# TRY IT
The listing that follows must be retyped exactly, without its pictures.

# SUPPLIED MATERIAL
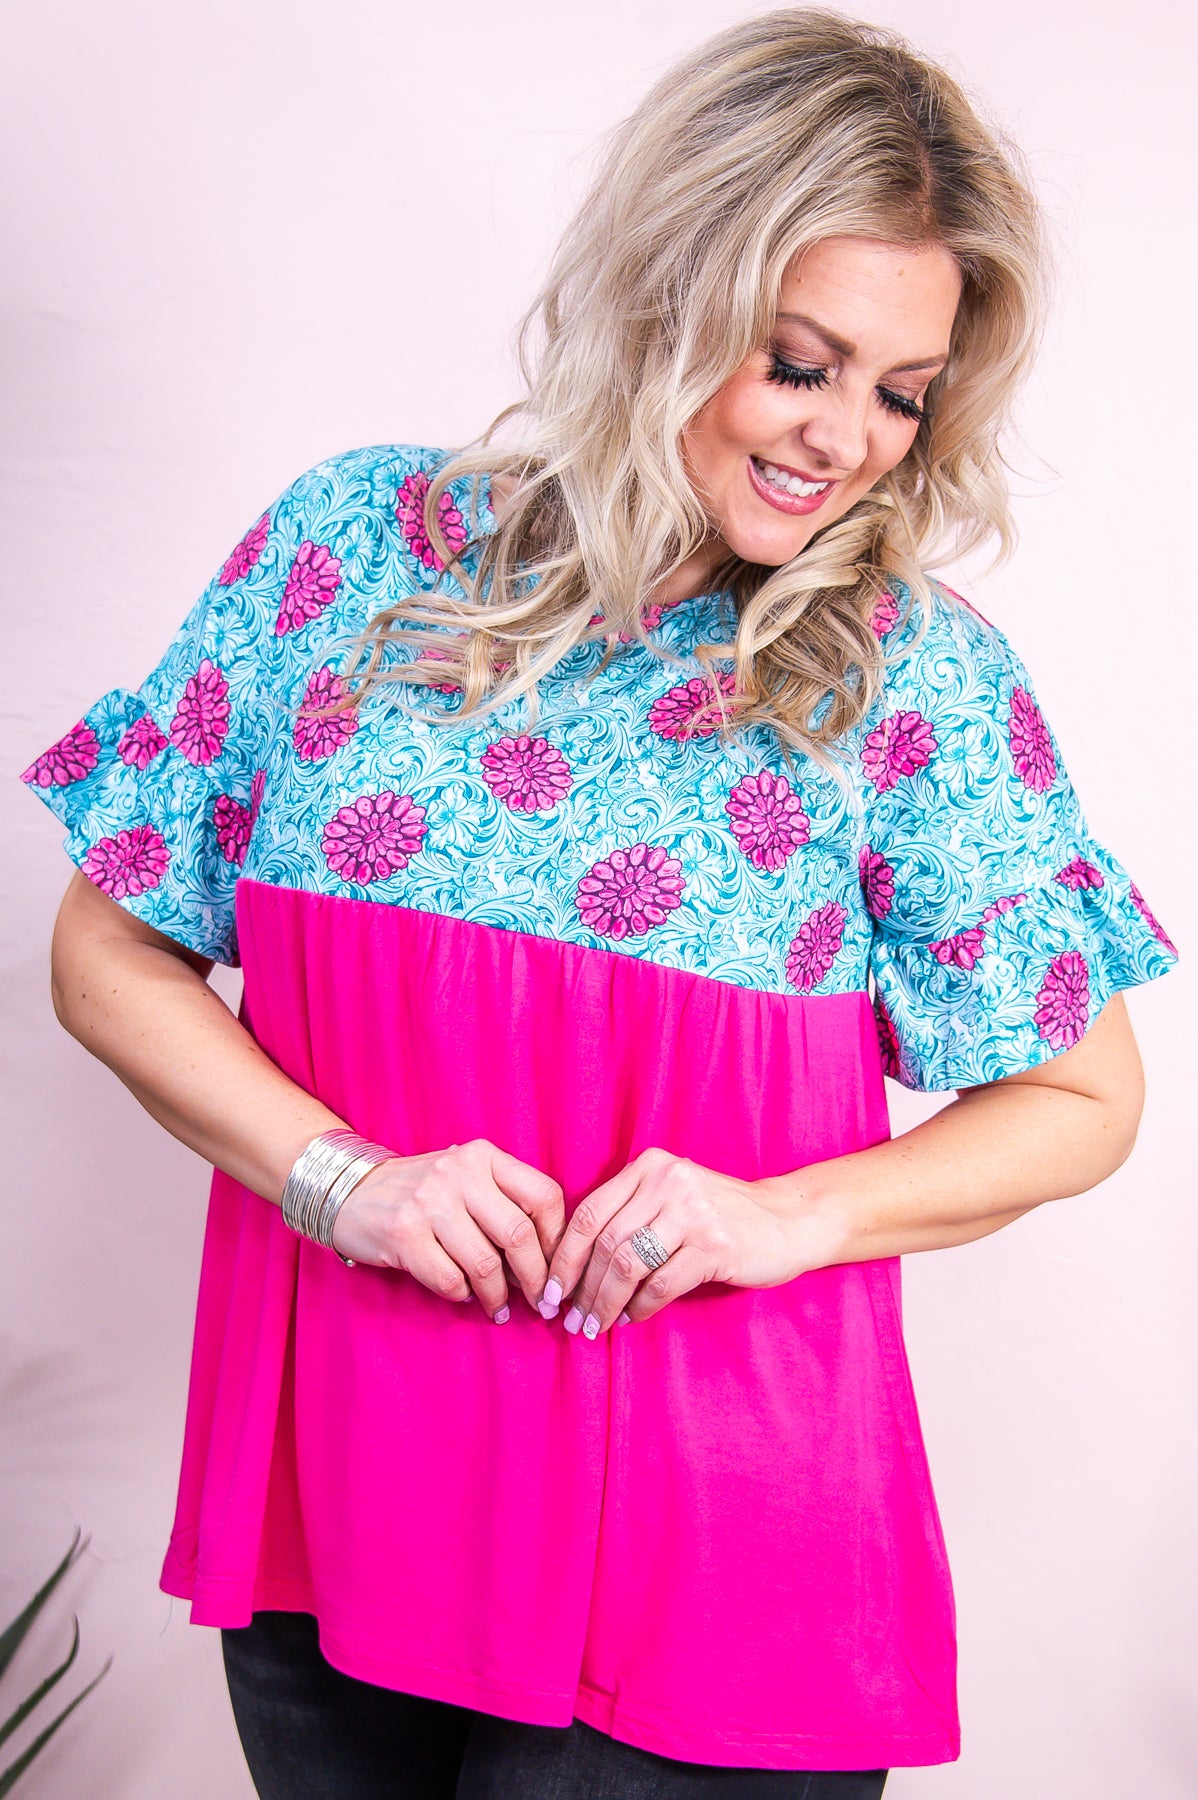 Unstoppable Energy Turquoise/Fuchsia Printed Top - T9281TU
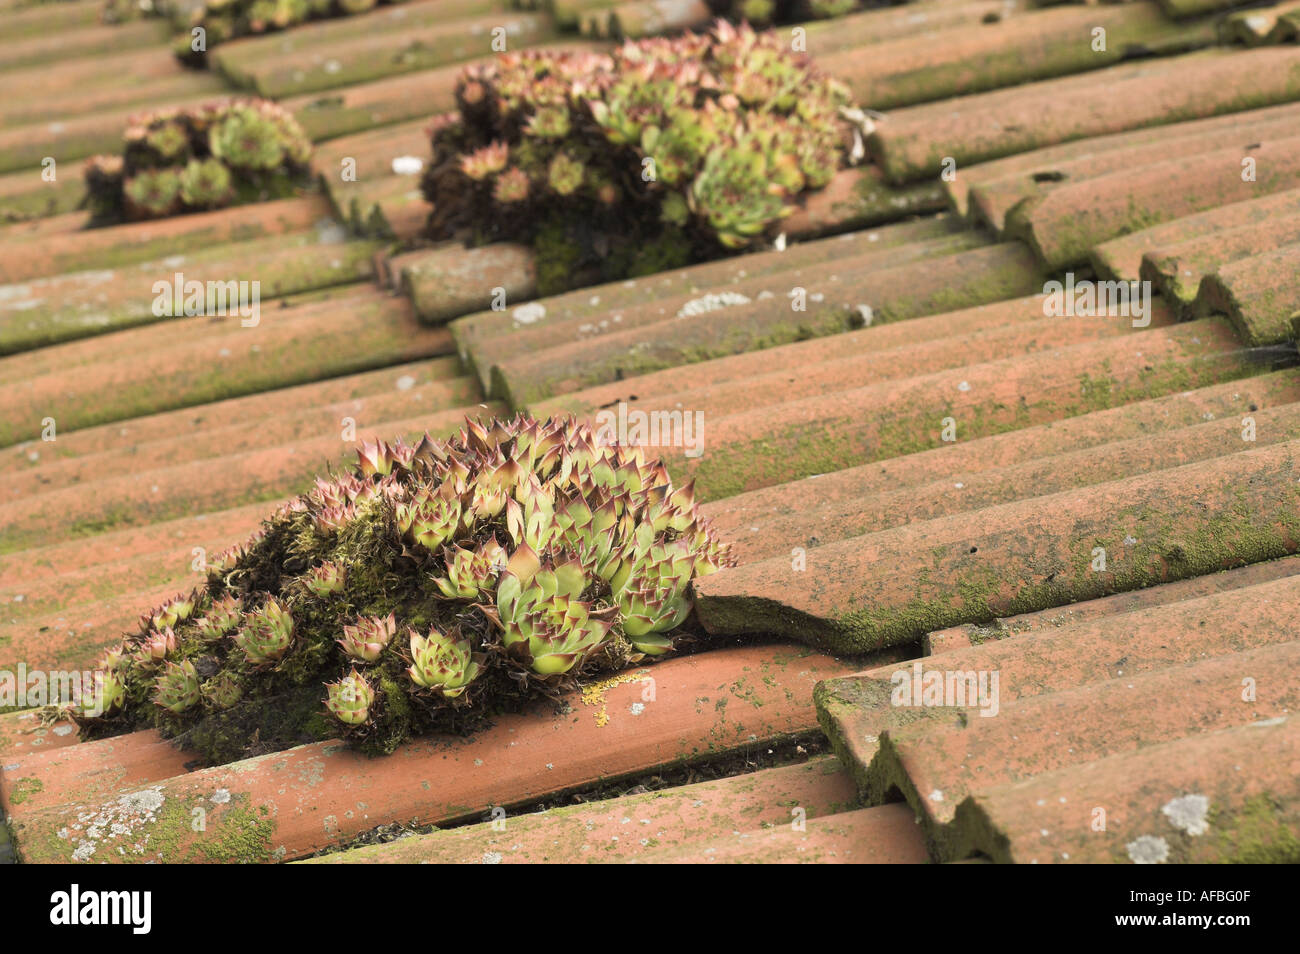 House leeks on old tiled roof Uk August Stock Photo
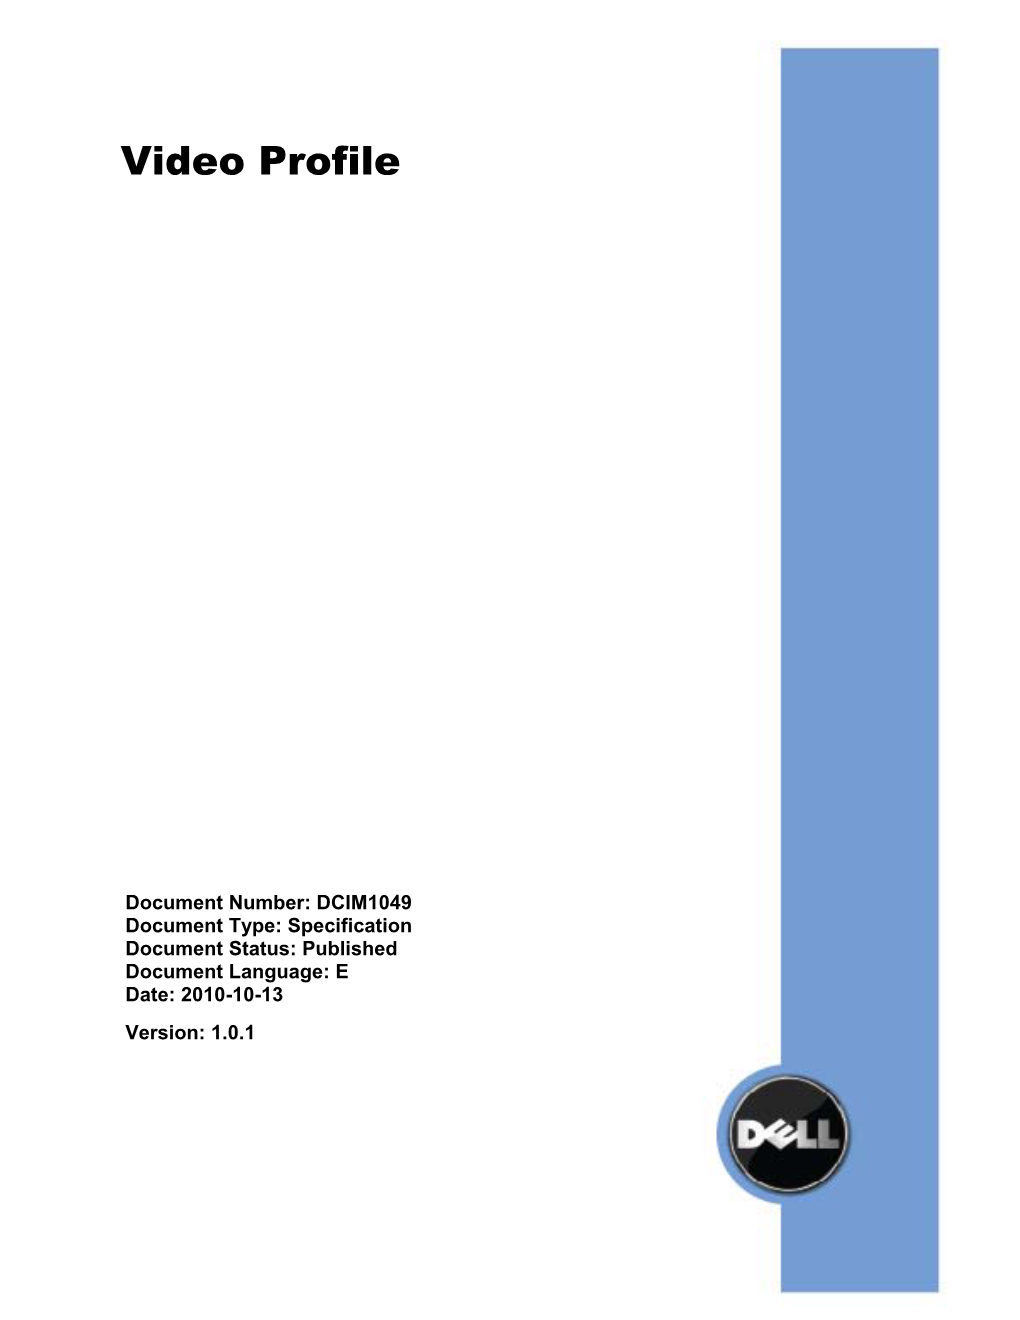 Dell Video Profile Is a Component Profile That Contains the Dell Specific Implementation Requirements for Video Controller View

# REPLY TO THE EXERCISE
 Unstoppable Energy Turquoise/Fuchsia Printed Top - T9281TU
 House leeks on old tiled roof Uk August Stock Photo
 Dell Video Profile Is a Component Profile That Contains the Dell Specific Implementation Requirements for Video Controller View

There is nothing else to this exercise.